Он сдержался и спас Ильича. К счастью, Мистер-Твистер не расслышал первых слов Ильича – он совершенно не разбирался в русском языке и плохо в истории Октябрьской революции.

Он не понял, а Андрей не помог ему понять, что Ильич пошел ва-банк, ошибся в попытке угадать старушку, но случайно выиграл.

Андрей догнал Ильича и сказал:

– Шведский господин Юханссен уверен, что у вас никогда не было разногласий с Кларой Цеткин.

– Какая еще Цеткин! – ответил Ильич.

– Подумайте, Владимир Ильич, – настаивал Андрей, опасаясь, что в любой момент кому-то из присутствующих откроется истина, – вы же видели Клару Цеткин, но забыли, что она – ваша союзница по Третьему Интернационалу.

Ильич кинул пробуждающийся взгляд на Андрея и громко произнес:

– Нет, батенька, нет, нет и еще раз нет! Были у нас разногласия с товарищем Цеткин. Я готов вернуться и доказать ей это на простых примерах. Спросите у нашего сопровождающего лица, могу ли я открыто и нелицеприятно объяснить этой Цеткин суть наших разногласий?

– Господин Ленин, – сказал Андрей, – хотел бы возвратиться и завести партийную дискуссию с госпожой Цеткин, которую вы так быстро прервали.

– Ни в коем случае! – воскликнул Мистер-Твистер. – С нас достаточно, мы удовлетворены.

Он вынул мобильный телефон и на ходу принялся быстро говорить по-шведски.

Затем он остановился и, не отнимая телефона от уха, кивал и повторял: «Яйа!»

Затем отыскал глазами Андрея и сказал:

– Шеф ждет вас.

* * *

На двери главного кабинета, резной и солидной, как и все на этом этаже, была небольшая вычищенная табличка со словом «President».

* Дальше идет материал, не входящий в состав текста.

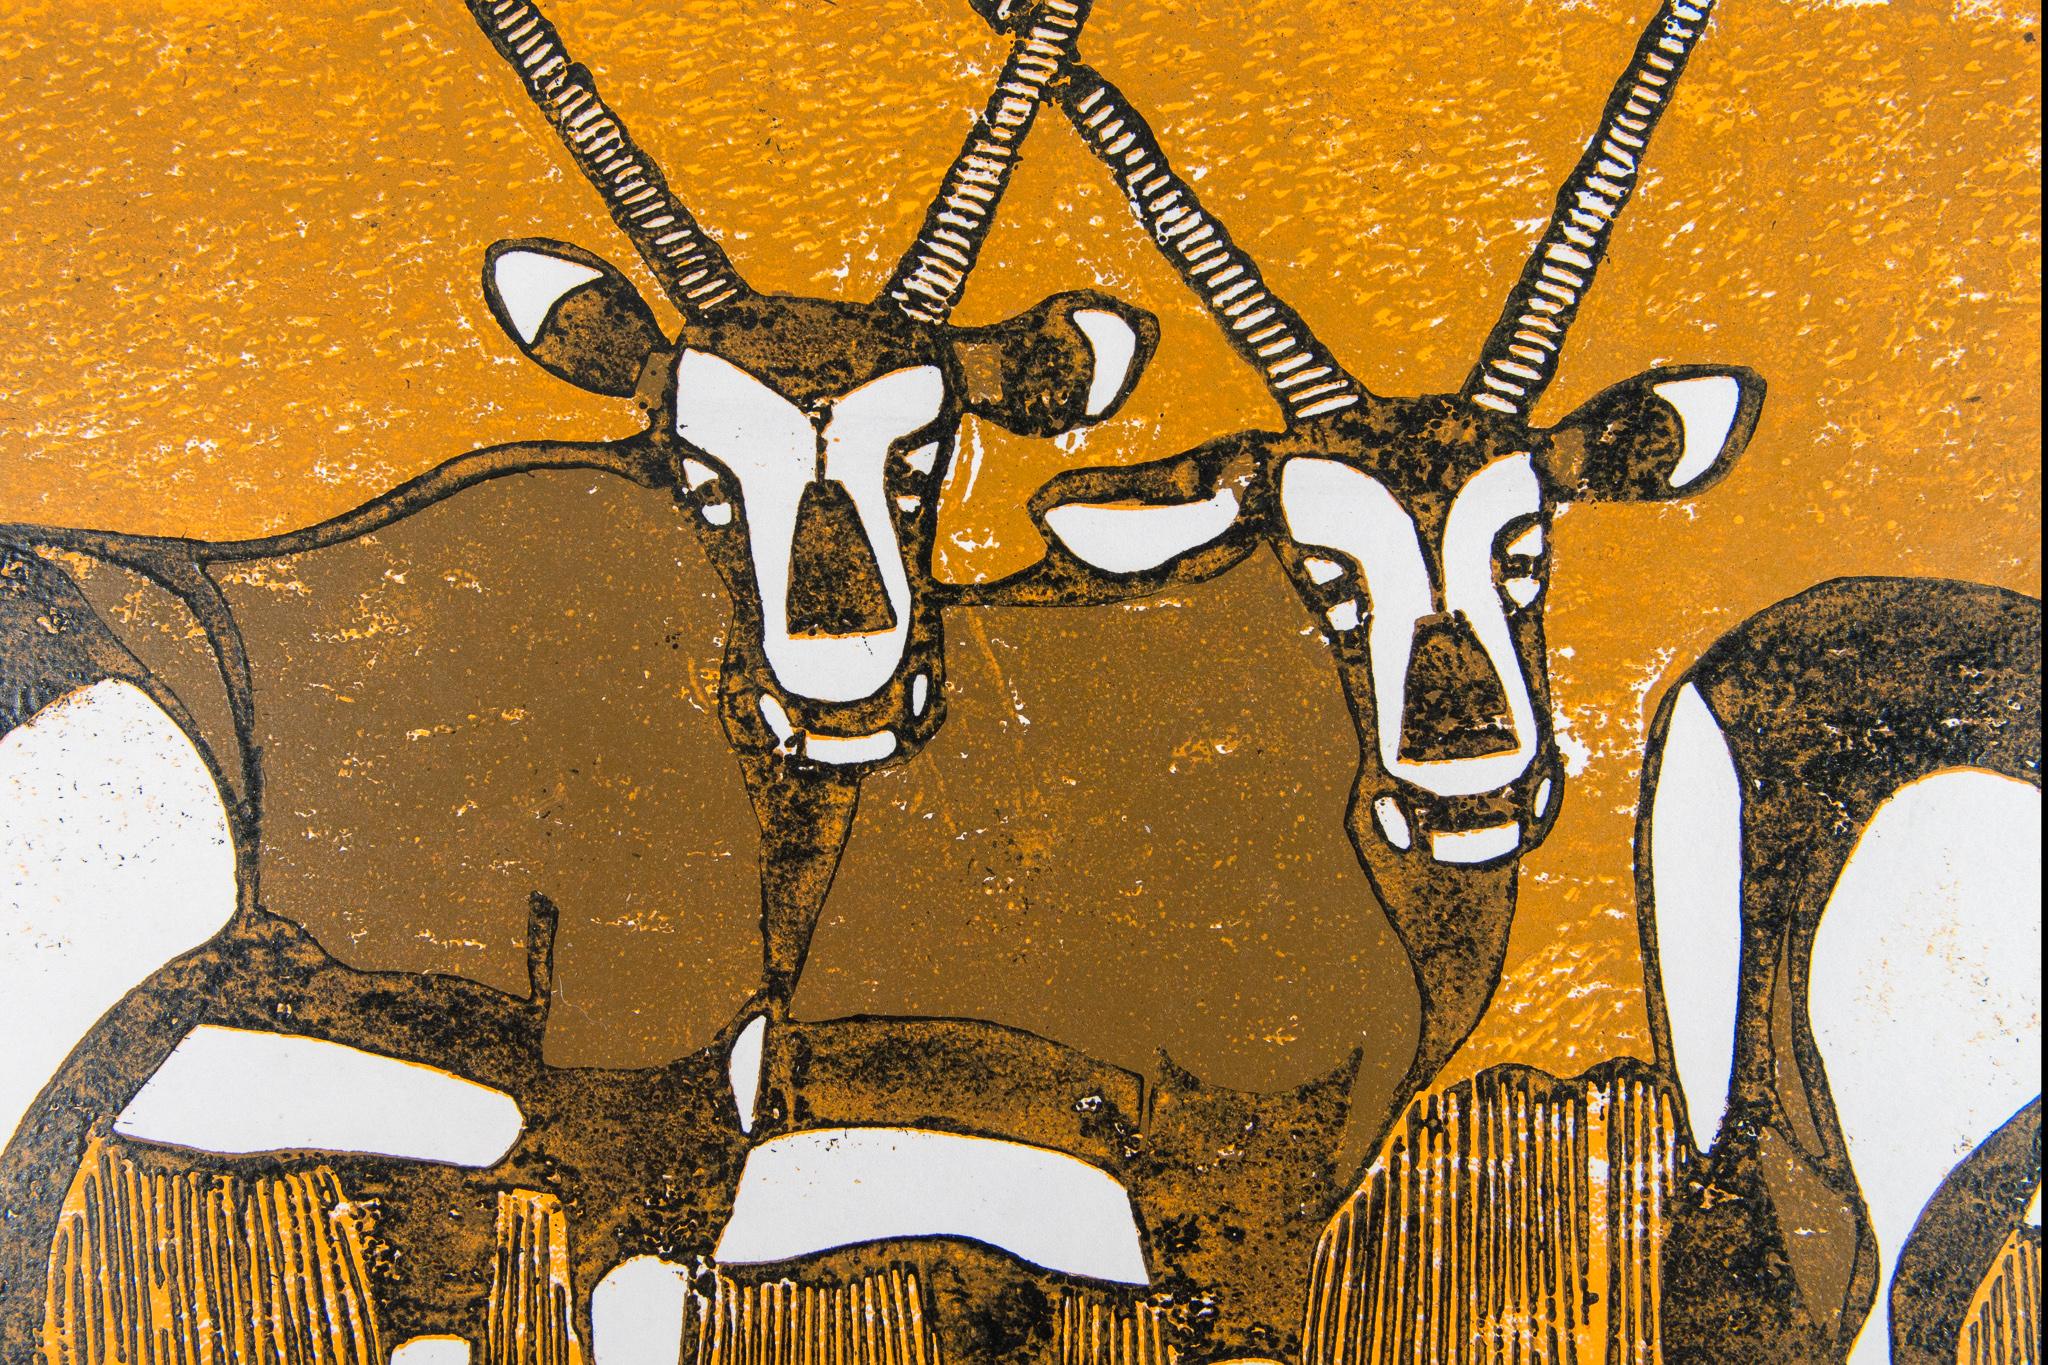 The Gemsboks, 2009. Cardboard print on paper.

Elia Shiwoohamba was born in 1981 in Windhoek, Namibia. He graduated from the John Muafangejo Art Centre in Windhoek in 2006. Specialising in printmaking and sculpture, Shiwoohamba works as a

Президент сидел за обширным столом, заполнявшим собой треть кабинета, стены которого поблескивали от золота переплетов. Все было как у Мистера-Твистера, но в пять раз внушительнее и крупнее.

Сам президент столу соответствовал – он походил на Мистера-Твистера, но превосходил его размерами и оживленностью.

При виде вошедших посетителей президент поднялся и пошел вокруг стола, изображая гостеприимство.

– Мы ждали этого часа, господа, – сообщил он. – Мы выполнили свой долг перед историей и идеями социал-демократии.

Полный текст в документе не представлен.